Problem description >>
In the material below, pictures must be dropped. Repeat exactly, and only, the lines from the line with "Fendi \N Kleid" to the line with "Sneaker, Stylischer Sneaker", both ends included.

Dataset excerpts >>
§

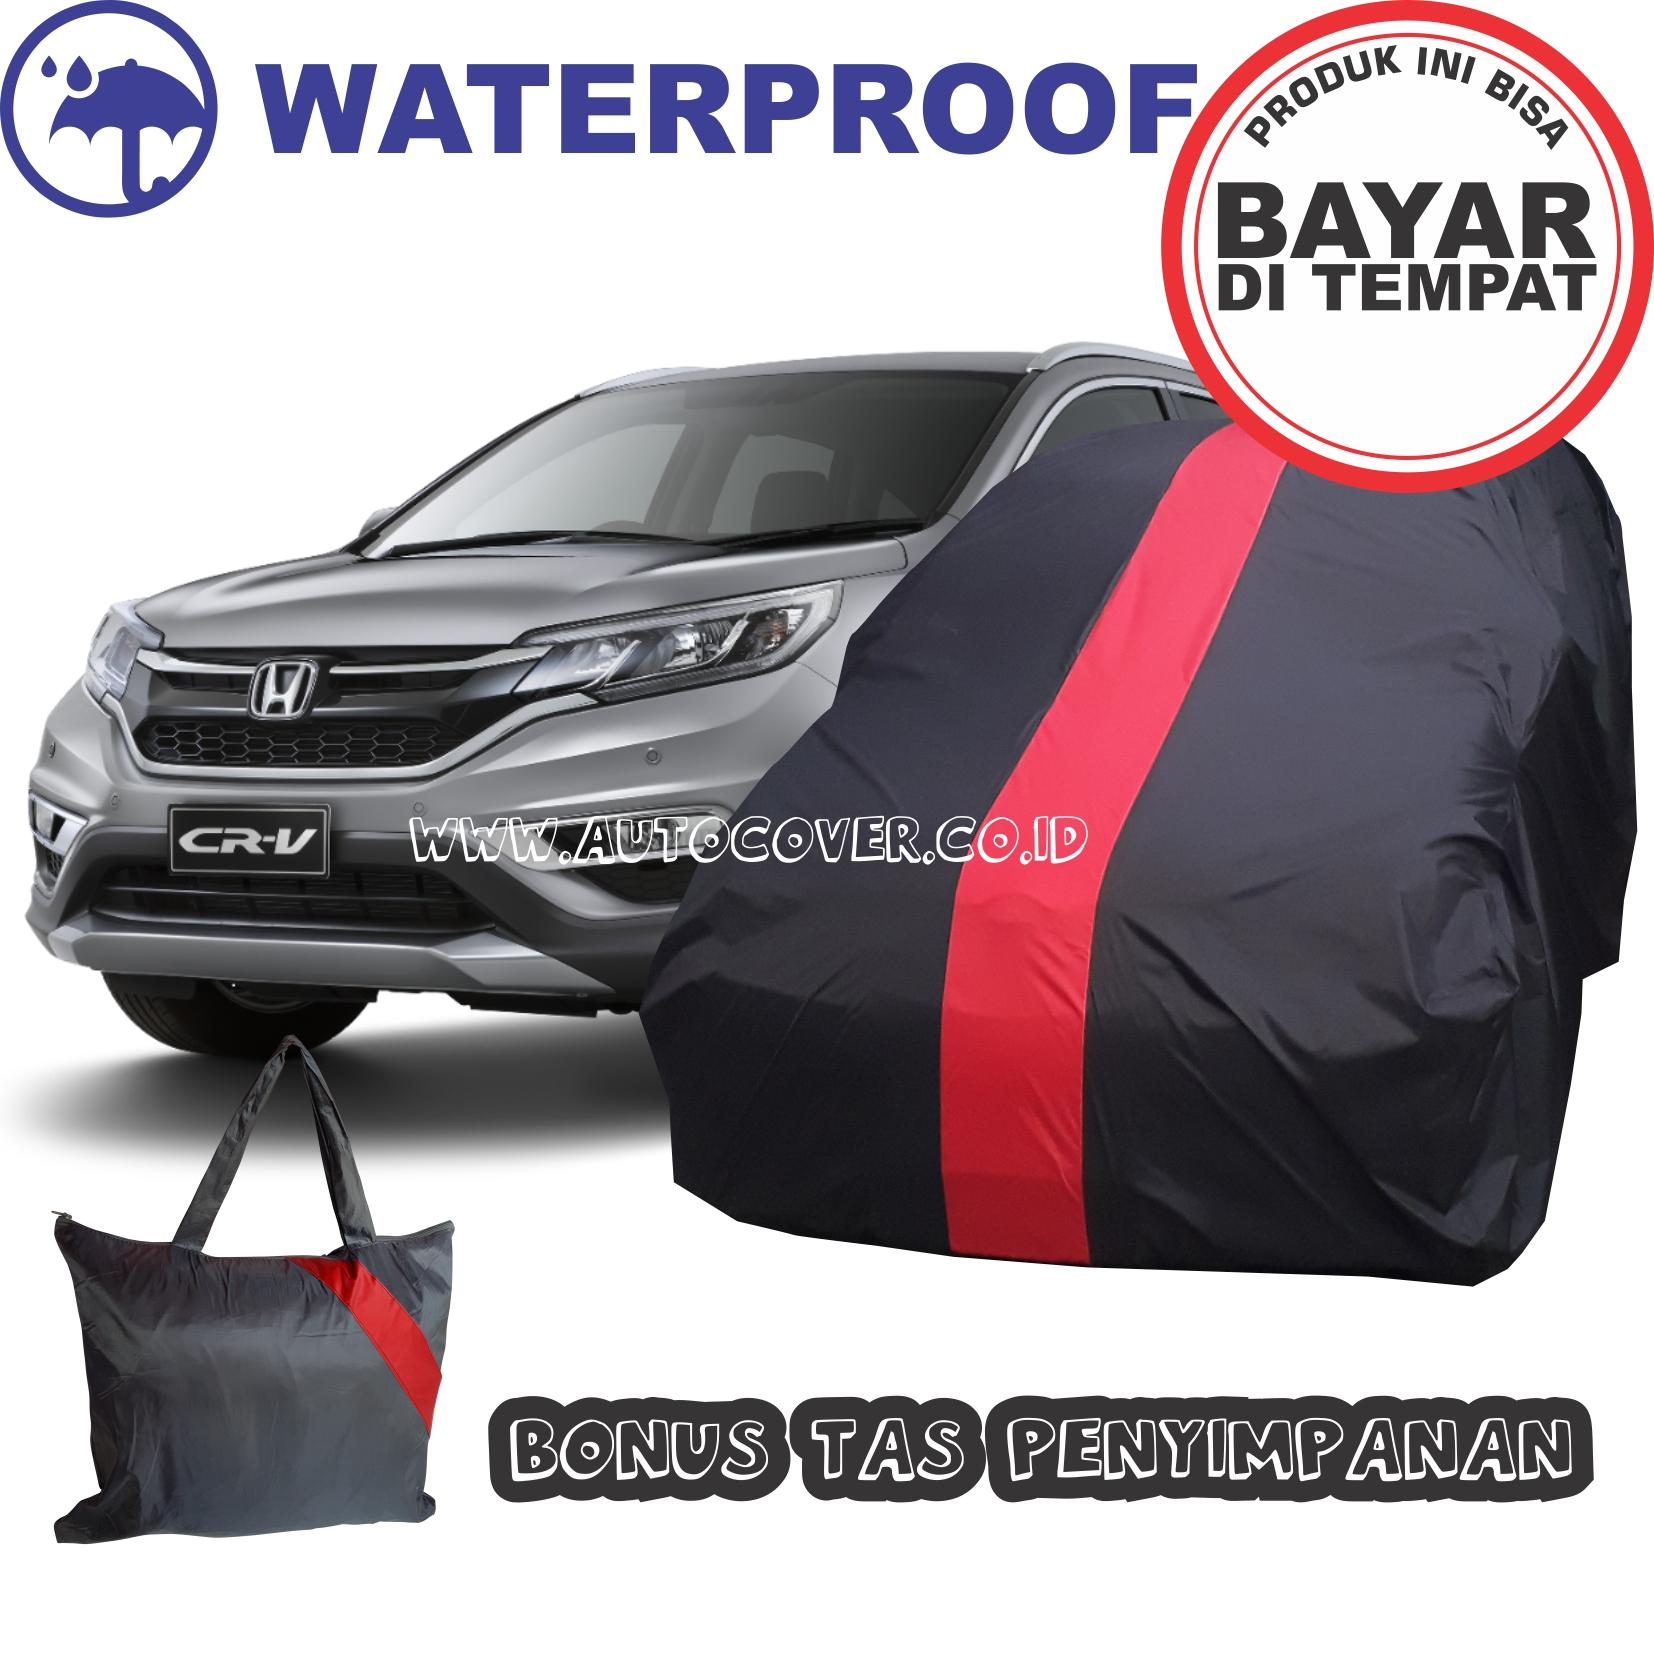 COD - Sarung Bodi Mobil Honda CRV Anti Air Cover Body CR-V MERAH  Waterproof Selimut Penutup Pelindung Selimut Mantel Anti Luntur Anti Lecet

§

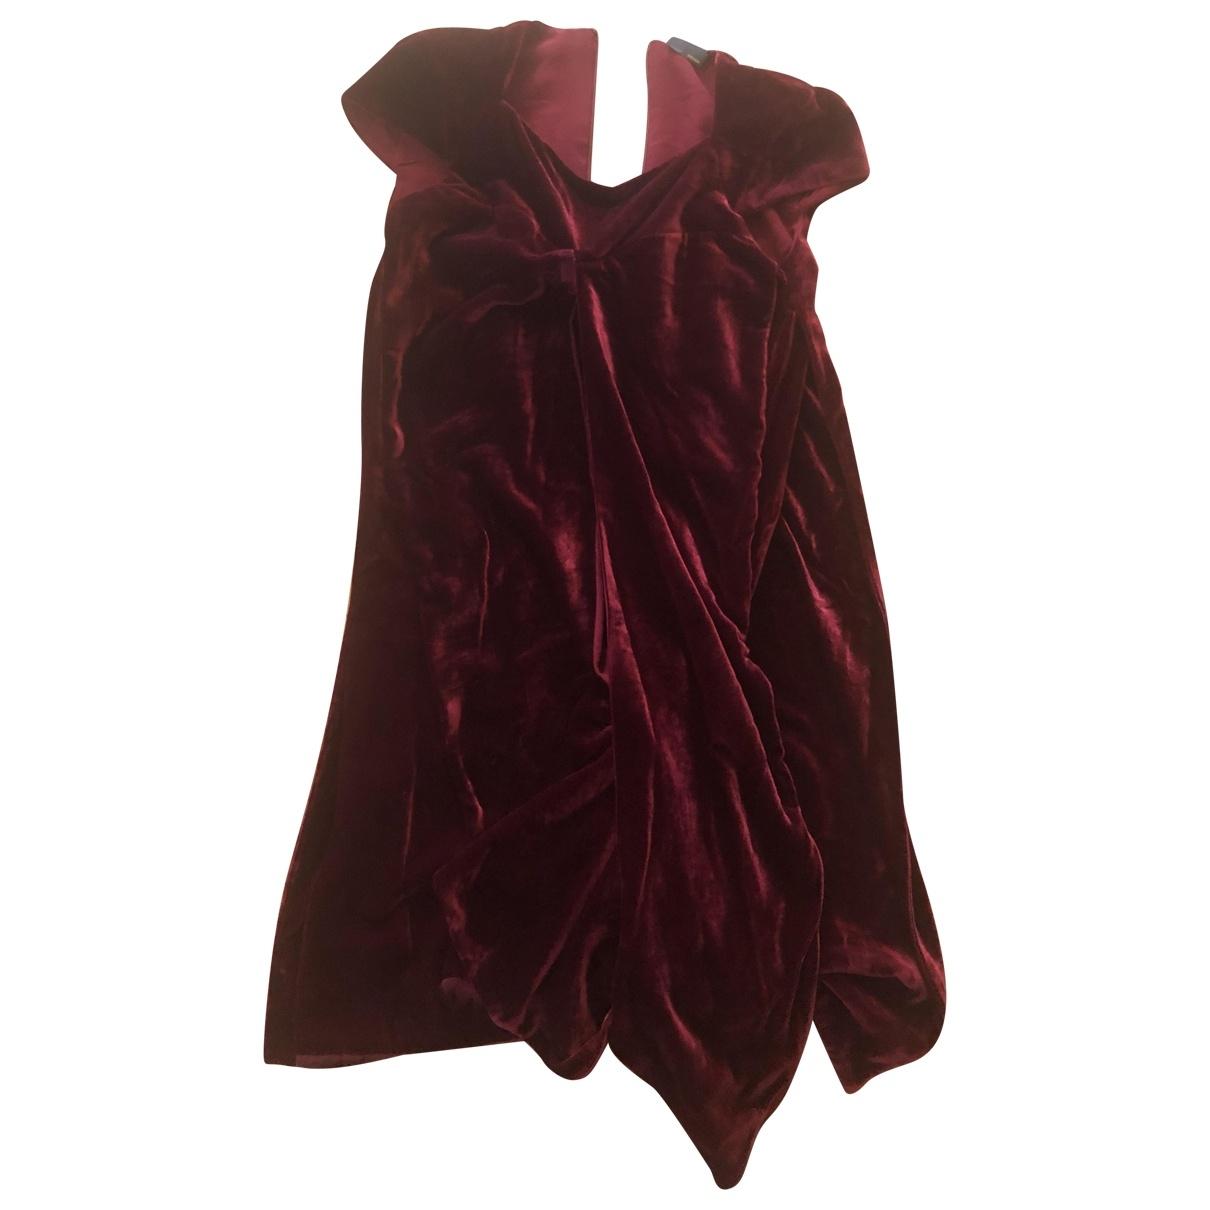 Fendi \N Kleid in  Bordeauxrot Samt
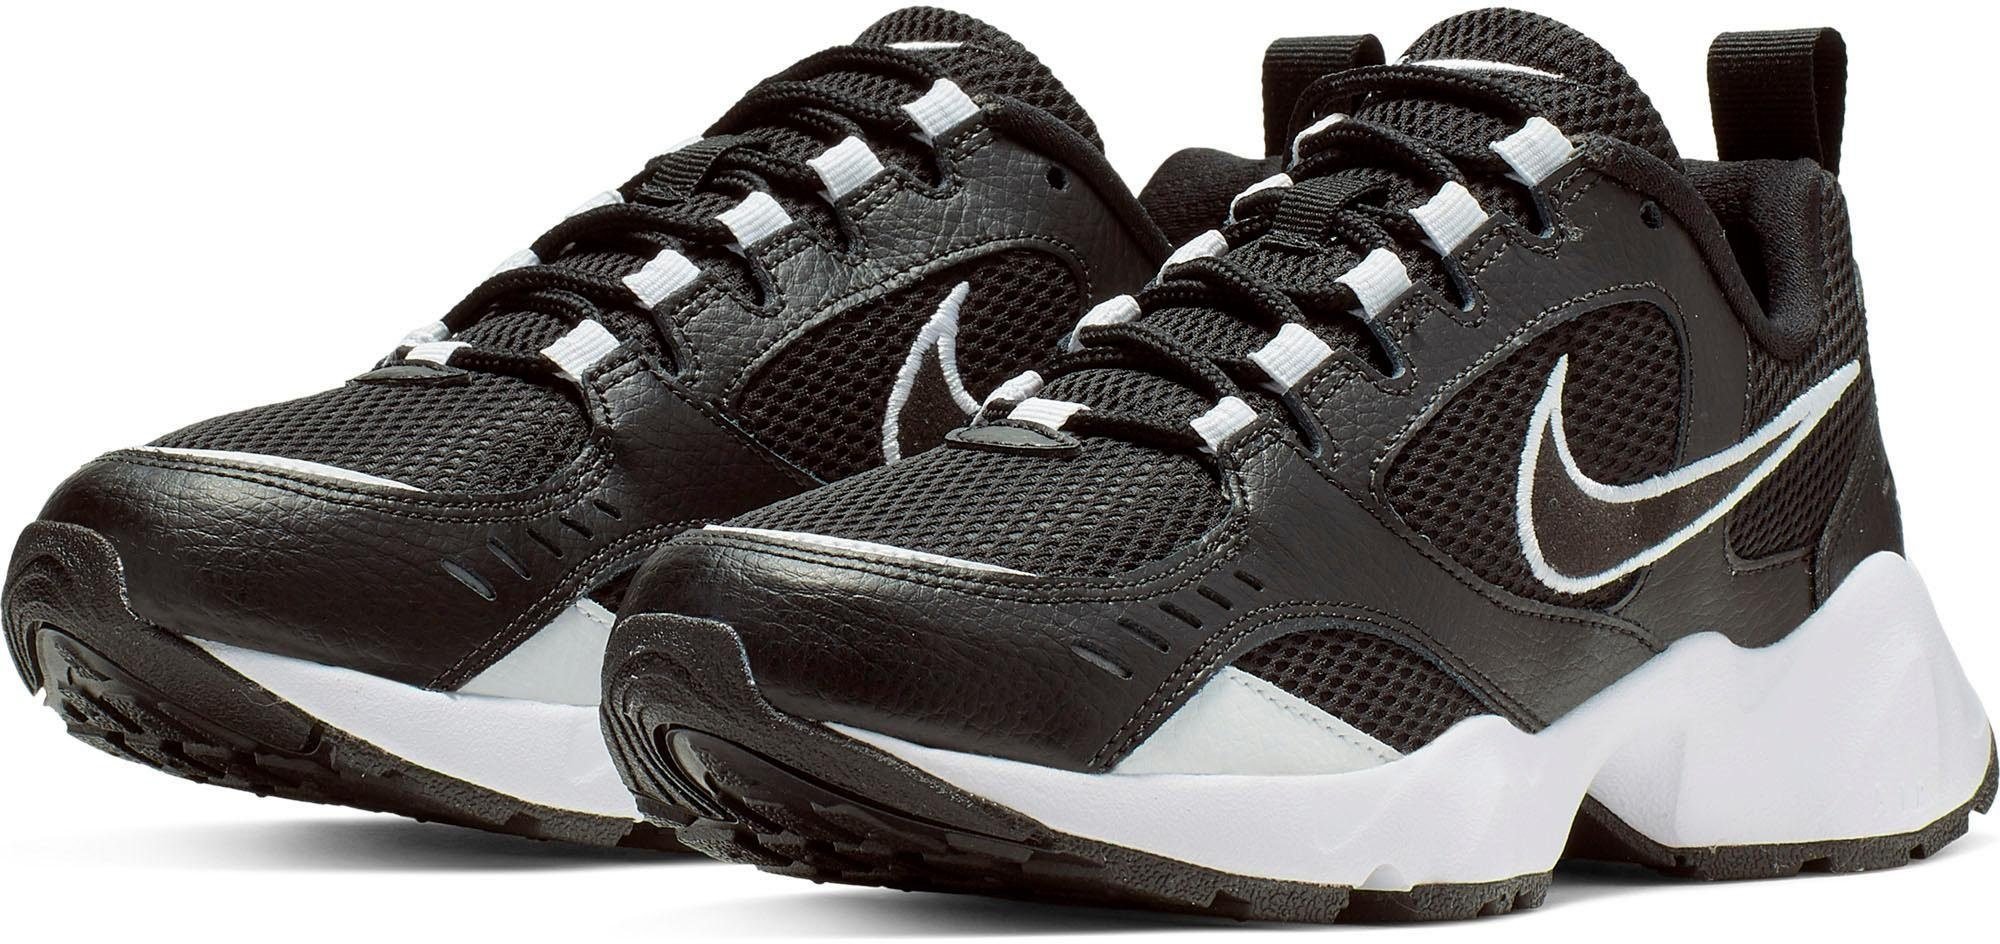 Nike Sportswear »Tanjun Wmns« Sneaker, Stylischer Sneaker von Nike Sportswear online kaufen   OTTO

§

Reply to the task >>
 Fendi \N Kleid in  Bordeauxrot Samt
 Nike Sportswear »Tanjun Wmns« Sneaker, Stylischer Sneaker von Nike Sportswear online kaufen   OTTO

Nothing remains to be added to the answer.